* YOUR TASK *
Set every entry down again exactly, omitting none.

Data records
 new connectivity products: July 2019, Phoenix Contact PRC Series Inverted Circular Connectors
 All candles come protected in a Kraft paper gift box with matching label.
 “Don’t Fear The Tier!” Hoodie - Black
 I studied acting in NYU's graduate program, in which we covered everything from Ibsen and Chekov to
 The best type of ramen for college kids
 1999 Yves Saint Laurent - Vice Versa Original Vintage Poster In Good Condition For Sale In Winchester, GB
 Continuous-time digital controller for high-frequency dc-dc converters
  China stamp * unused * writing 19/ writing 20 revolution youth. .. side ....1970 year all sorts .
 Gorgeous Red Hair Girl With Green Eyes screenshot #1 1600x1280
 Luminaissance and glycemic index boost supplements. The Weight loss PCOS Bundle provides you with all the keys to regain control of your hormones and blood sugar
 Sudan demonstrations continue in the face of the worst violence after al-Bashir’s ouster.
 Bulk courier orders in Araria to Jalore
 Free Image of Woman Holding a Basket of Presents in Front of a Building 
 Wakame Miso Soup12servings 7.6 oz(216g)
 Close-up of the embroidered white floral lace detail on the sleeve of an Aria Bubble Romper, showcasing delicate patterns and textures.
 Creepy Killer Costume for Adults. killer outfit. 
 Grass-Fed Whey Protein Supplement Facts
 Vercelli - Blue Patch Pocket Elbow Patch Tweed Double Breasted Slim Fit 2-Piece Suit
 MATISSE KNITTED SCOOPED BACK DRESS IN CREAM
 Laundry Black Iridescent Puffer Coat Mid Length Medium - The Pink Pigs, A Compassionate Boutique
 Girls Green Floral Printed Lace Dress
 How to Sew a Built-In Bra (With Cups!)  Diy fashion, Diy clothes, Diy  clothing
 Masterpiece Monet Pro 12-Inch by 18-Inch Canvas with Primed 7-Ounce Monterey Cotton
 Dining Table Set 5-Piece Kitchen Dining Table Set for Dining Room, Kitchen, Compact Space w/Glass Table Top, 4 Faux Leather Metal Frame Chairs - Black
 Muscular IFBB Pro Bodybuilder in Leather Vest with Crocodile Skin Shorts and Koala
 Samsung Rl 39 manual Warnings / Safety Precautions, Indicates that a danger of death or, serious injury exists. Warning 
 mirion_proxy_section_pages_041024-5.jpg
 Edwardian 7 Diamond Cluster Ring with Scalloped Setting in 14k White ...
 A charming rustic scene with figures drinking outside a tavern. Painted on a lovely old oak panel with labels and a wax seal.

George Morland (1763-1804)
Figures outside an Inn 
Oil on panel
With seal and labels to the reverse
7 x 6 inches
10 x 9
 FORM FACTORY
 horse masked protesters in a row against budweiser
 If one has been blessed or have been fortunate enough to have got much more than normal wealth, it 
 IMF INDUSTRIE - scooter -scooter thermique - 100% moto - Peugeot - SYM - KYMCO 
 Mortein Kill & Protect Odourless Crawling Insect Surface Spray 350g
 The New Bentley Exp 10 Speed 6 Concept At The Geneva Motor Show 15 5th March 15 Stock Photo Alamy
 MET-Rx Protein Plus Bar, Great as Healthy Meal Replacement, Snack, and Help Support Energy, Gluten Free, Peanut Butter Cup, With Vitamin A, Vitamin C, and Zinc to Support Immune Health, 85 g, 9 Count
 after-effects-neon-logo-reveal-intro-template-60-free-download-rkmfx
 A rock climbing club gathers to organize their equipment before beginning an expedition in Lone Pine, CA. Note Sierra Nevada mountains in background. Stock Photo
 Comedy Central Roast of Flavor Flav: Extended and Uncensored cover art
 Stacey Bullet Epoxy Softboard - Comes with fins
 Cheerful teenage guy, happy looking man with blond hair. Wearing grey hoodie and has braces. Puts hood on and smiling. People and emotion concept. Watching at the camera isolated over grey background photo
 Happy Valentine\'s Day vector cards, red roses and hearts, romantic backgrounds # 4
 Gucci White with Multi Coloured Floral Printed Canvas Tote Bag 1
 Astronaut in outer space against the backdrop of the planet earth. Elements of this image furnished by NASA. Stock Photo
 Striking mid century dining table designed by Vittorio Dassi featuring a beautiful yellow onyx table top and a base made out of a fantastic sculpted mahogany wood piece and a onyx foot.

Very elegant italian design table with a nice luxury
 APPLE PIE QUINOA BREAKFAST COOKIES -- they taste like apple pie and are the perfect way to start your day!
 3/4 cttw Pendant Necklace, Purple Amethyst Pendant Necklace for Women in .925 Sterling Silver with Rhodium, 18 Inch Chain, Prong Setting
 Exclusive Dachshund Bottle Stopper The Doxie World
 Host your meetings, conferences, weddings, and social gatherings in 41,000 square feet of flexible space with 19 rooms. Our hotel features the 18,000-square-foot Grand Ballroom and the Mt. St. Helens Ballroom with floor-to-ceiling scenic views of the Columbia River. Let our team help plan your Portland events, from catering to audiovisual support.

* WORKED SOLUTION *
 new connectivity products: July 2019, Phoenix Contact PRC Series Inverted Circular Connectors
 All candles come protected in a Kraft paper gift box with matching label.
 “Don’t Fear The Tier!” Hoodie - Black
 I studied acting in NYU's graduate program, in which we covered everything from Ibsen and Chekov to
 The best type of ramen for college kids
 1999 Yves Saint Laurent - Vice Versa Original Vintage Poster In Good Condition For Sale In Winchester, GB
 Continuous-time digital controller for high-frequency dc-dc converters
  China stamp * unused * writing 19/ writing 20 revolution youth. .. side ....1970 year all sorts .
 Gorgeous Red Hair Girl With Green Eyes screenshot #1 1600x1280
 Luminaissance and glycemic index boost supplements. The Weight loss PCOS Bundle provides you with all the keys to regain control of your hormones and blood sugar
 Sudan demonstrations continue in the face of the worst violence after al-Bashir’s ouster.
 Bulk courier orders in Araria to Jalore
 Free Image of Woman Holding a Basket of Presents in Front of a Building 
 Wakame Miso Soup12servings 7.6 oz(216g)
 Close-up of the embroidered white floral lace detail on the sleeve of an Aria Bubble Romper, showcasing delicate patterns and textures.
 Creepy Killer Costume for Adults. killer outfit. 
 Grass-Fed Whey Protein Supplement Facts
 Vercelli - Blue Patch Pocket Elbow Patch Tweed Double Breasted Slim Fit 2-Piece Suit
 MATISSE KNITTED SCOOPED BACK DRESS IN CREAM
 Laundry Black Iridescent Puffer Coat Mid Length Medium - The Pink Pigs, A Compassionate Boutique
 Girls Green Floral Printed Lace Dress
 How to Sew a Built-In Bra (With Cups!)  Diy fashion, Diy clothes, Diy  clothing
 Masterpiece Monet Pro 12-Inch by 18-Inch Canvas with Primed 7-Ounce Monterey Cotton
 Dining Table Set 5-Piece Kitchen Dining Table Set for Dining Room, Kitchen, Compact Space w/Glass Table Top, 4 Faux Leather Metal Frame Chairs - Black
 Muscular IFBB Pro Bodybuilder in Leather Vest with Crocodile Skin Shorts and Koala
 Samsung Rl 39 manual Warnings / Safety Precautions, Indicates that a danger of death or, serious injury exists. Warning 
 mirion_proxy_section_pages_041024-5.jpg
 Edwardian 7 Diamond Cluster Ring with Scalloped Setting in 14k White ...
 A charming rustic scene with figures drinking outside a tavern. Painted on a lovely old oak panel with labels and a wax seal.

George Morland (1763-1804)
Figures outside an Inn 
Oil on panel
With seal and labels to the reverse
7 x 6 inches
10 x 9
 FORM FACTORY
 horse masked protesters in a row against budweiser
 If one has been blessed or have been fortunate enough to have got much more than normal wealth, it 
 IMF INDUSTRIE - scooter -scooter thermique - 100% moto - Peugeot - SYM - KYMCO 
 Mortein Kill & Protect Odourless Crawling Insect Surface Spray 350g
 The New Bentley Exp 10 Speed 6 Concept At The Geneva Motor Show 15 5th March 15 Stock Photo Alamy
 MET-Rx Protein Plus Bar, Great as Healthy Meal Replacement, Snack, and Help Support Energy, Gluten Free, Peanut Butter Cup, With Vitamin A, Vitamin C, and Zinc to Support Immune Health, 85 g, 9 Count
 after-effects-neon-logo-reveal-intro-template-60-free-download-rkmfx
 A rock climbing club gathers to organize their equipment before beginning an expedition in Lone Pine, CA. Note Sierra Nevada mountains in background. Stock Photo
 Comedy Central Roast of Flavor Flav: Extended and Uncensored cover art
 Stacey Bullet Epoxy Softboard - Comes with fins
 Cheerful teenage guy, happy looking man with blond hair. Wearing grey hoodie and has braces. Puts hood on and smiling. People and emotion concept. Watching at the camera isolated over grey background photo
 Happy Valentine\'s Day vector cards, red roses and hearts, romantic backgrounds # 4
 Gucci White with Multi Coloured Floral Printed Canvas Tote Bag 1
 Astronaut in outer space against the backdrop of the planet earth. Elements of this image furnished by NASA. Stock Photo
 Striking mid century dining table designed by Vittorio Dassi featuring a beautiful yellow onyx table top and a base made out of a fantastic sculpted mahogany wood piece and a onyx foot.

Very elegant italian design table with a nice luxury
 APPLE PIE QUINOA BREAKFAST COOKIES -- they taste like apple pie and are the perfect way to start your day!
 3/4 cttw Pendant Necklace, Purple Amethyst Pendant Necklace for Women in .925 Sterling Silver with Rhodium, 18 Inch Chain, Prong Setting
 Exclusive Dachshund Bottle Stopper The Doxie World
 Host your meetings, conferences, weddings, and social gatherings in 41,000 square feet of flexible space with 19 rooms. Our hotel features the 18,000-square-foot Grand Ballroom and the Mt. St. Helens Ballroom with floor-to-ceiling scenic views of the Columbia River. Let our team help plan your Portland events, from catering to audiovisual support.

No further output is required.